Method	CCT CodeBLEU↑	ECT CodeBLEU↑	MCQ P@1↑
Original	29.41	32.68	32.56
SFT	31.17	36.03	35.16
DPO	38.67	44.95	37.00
RAG	35.17	42.26	34.26
SFT+RAG	40.70	51.35	36.89

Results show that RAG performs lower than FT methods (35.17), primarily due to a retrieval success rate of only ~60% (665/1100). However, RAG achieves better results (40.70), while combined with FT methods, highlighting the potential of hybrid approaches. In summary, knowledge updating methods outperform RAG in scenarios requiring efficient inference and precise API knowledge tracking.

We will incorporate these results and analysis into the revised manuscript.

W4: One concern that stands out for me is the lack of commentary on the leakage of samples from CodeSyncBench into the training data of models being evaluated.

A4: To demonstrate that there is no data leakage between training data and benchmark, we compute the n-gram similarity of all samples associated with each API. Lower n-gram (<15%) scores indicate minimal overlap and thus confirm the absence of leakage.

N-gram	N=5	N=10	N=15	N=20
Score	12.62	10.21	9.24	8.52

Specifically, after retrieving data for APIs, we duplicate all data and then split them into two parts.
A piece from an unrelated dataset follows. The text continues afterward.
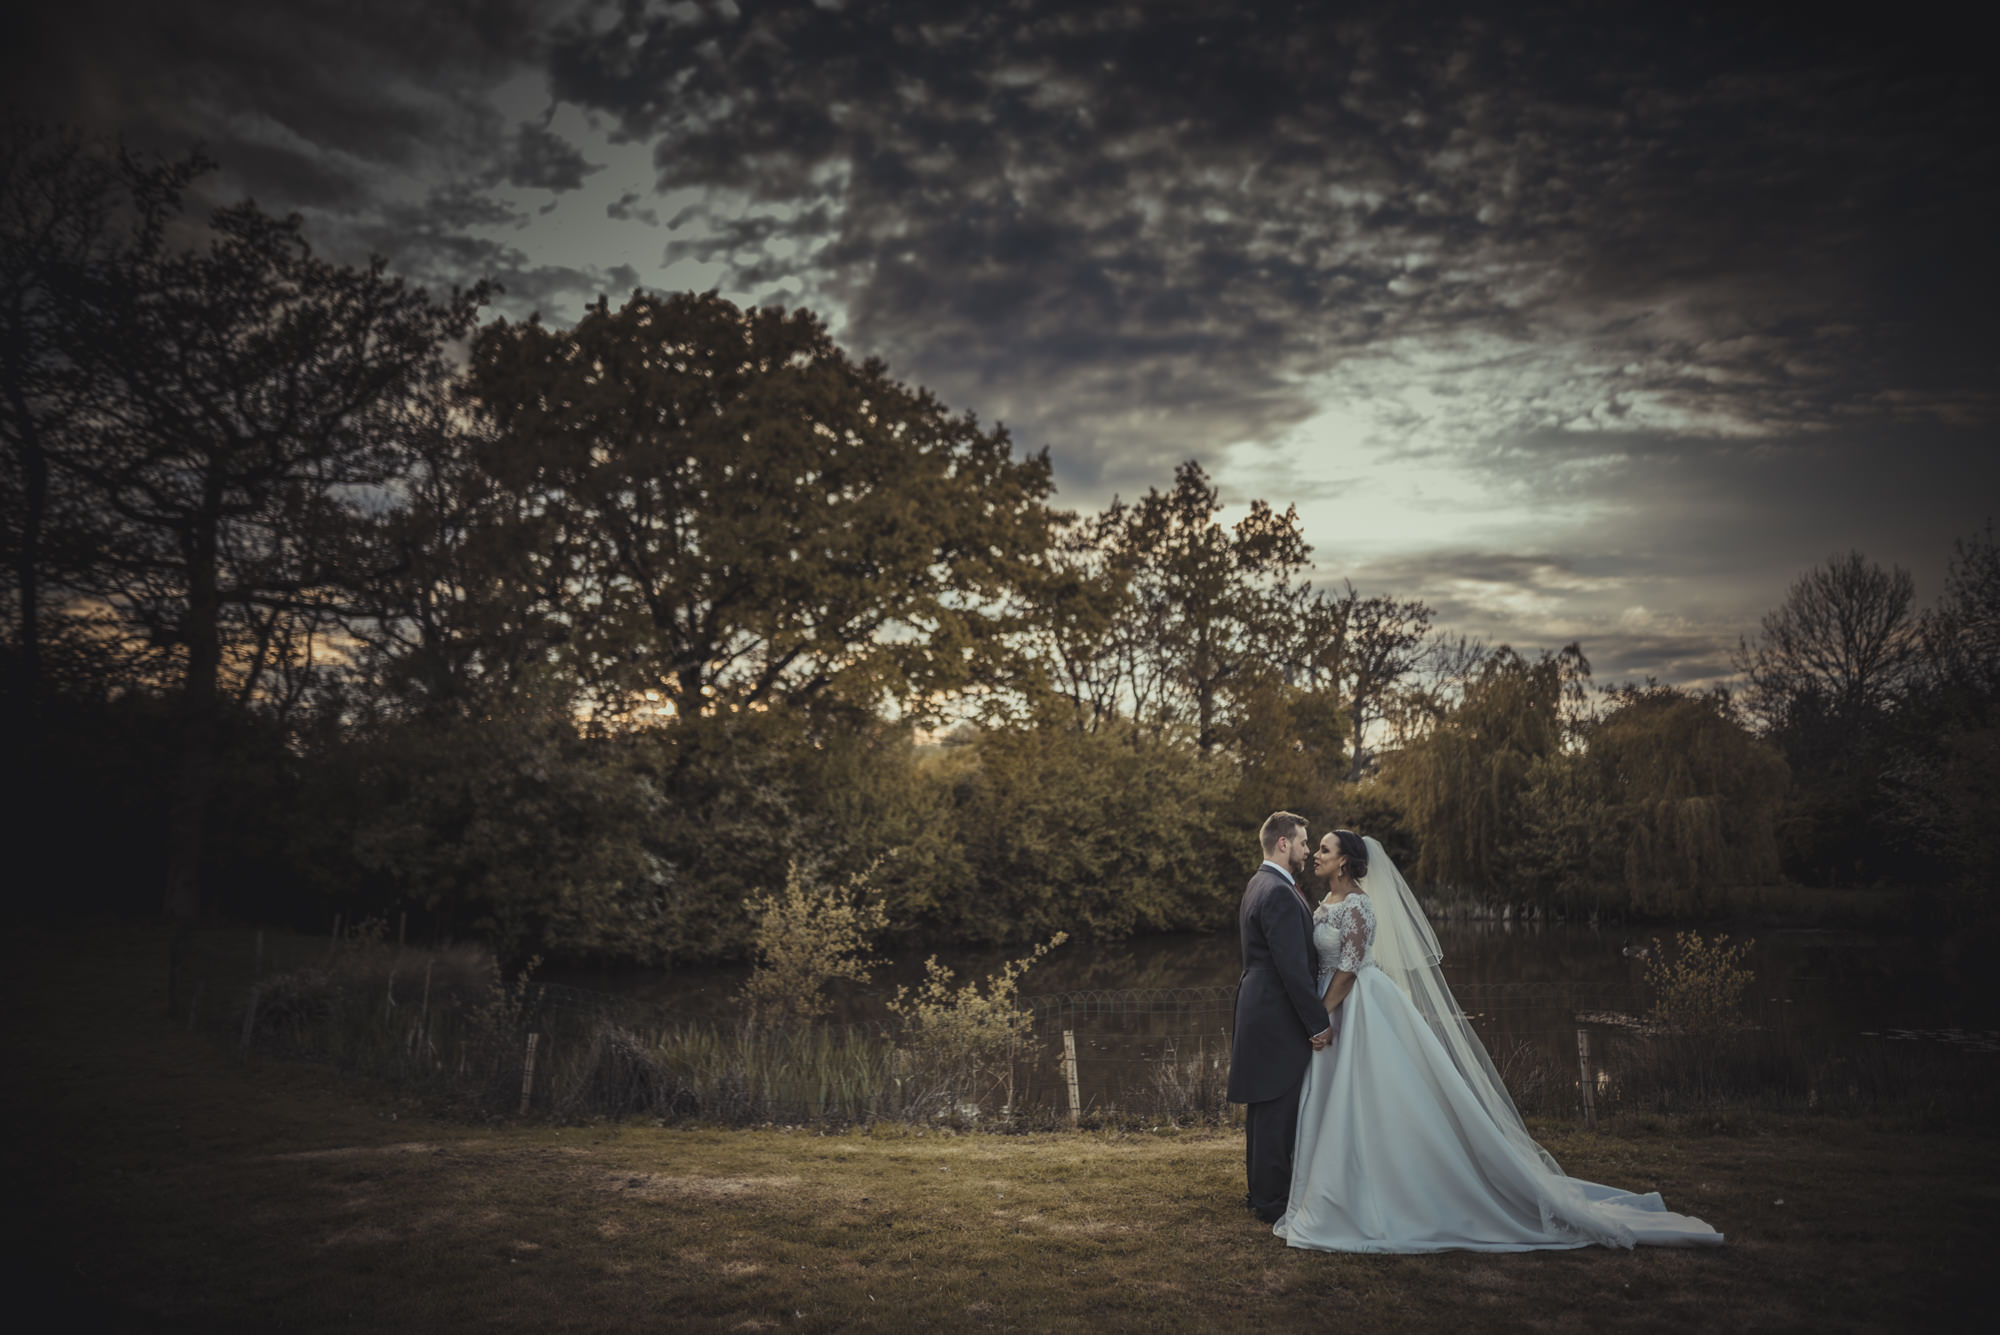 Jacqueline-Gareth-Wedding-Westmead-Events-Surrey-Manu-Mendoza-Wedding-Photography-490.jpg
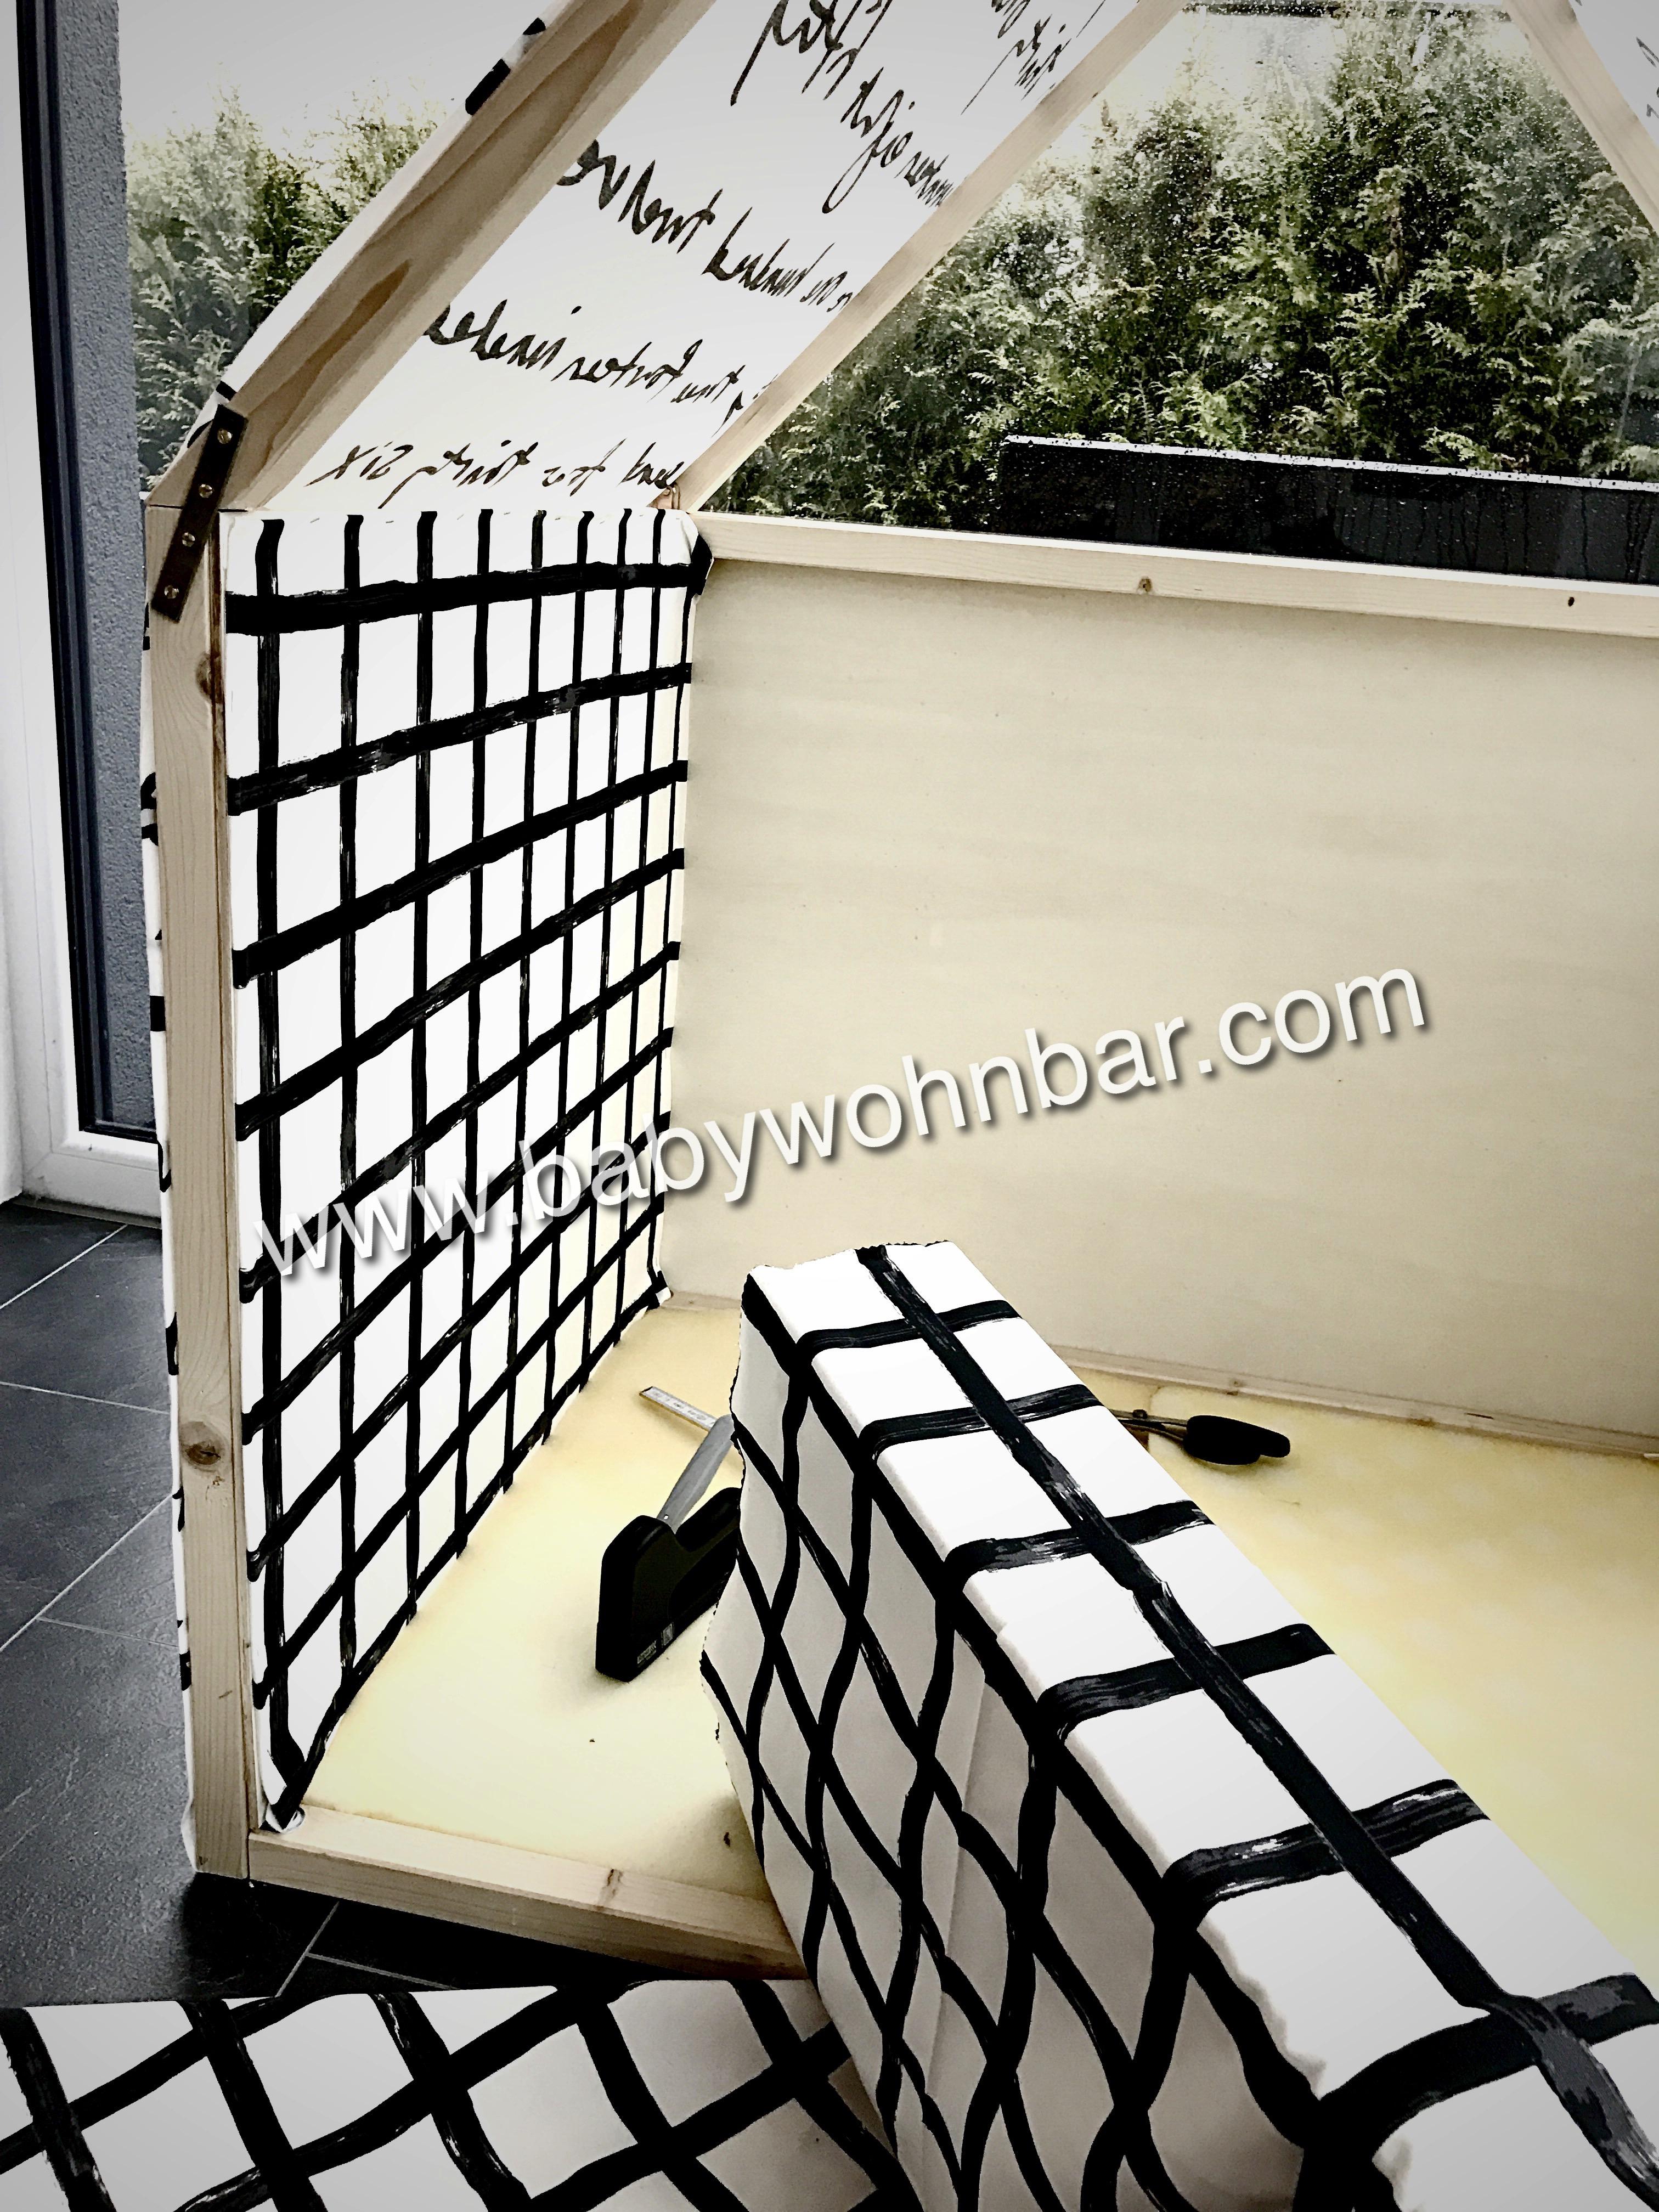 diy gro es b llebad aus holz babywohnbar. Black Bedroom Furniture Sets. Home Design Ideas

This approach has a clean separation and prevents any potential data leakage.

W5: The paper does not include contemporary works also focusing on API invocations and benchmarks developed.

A5: Thanks for the suggestion. We will include all the mentioned works in the next version of the paper.

最终决定Accept (poster)

2025-05-01

The reviewers agreed that this paper presents a useful dataset and positive results from its tuning experiments. They noted some concerns around the limited evaluation, in response to which the authors provided substantial expansions to the evaluations & results. This is appreciated and strengthens the work sufficiently to recommend its acceptance.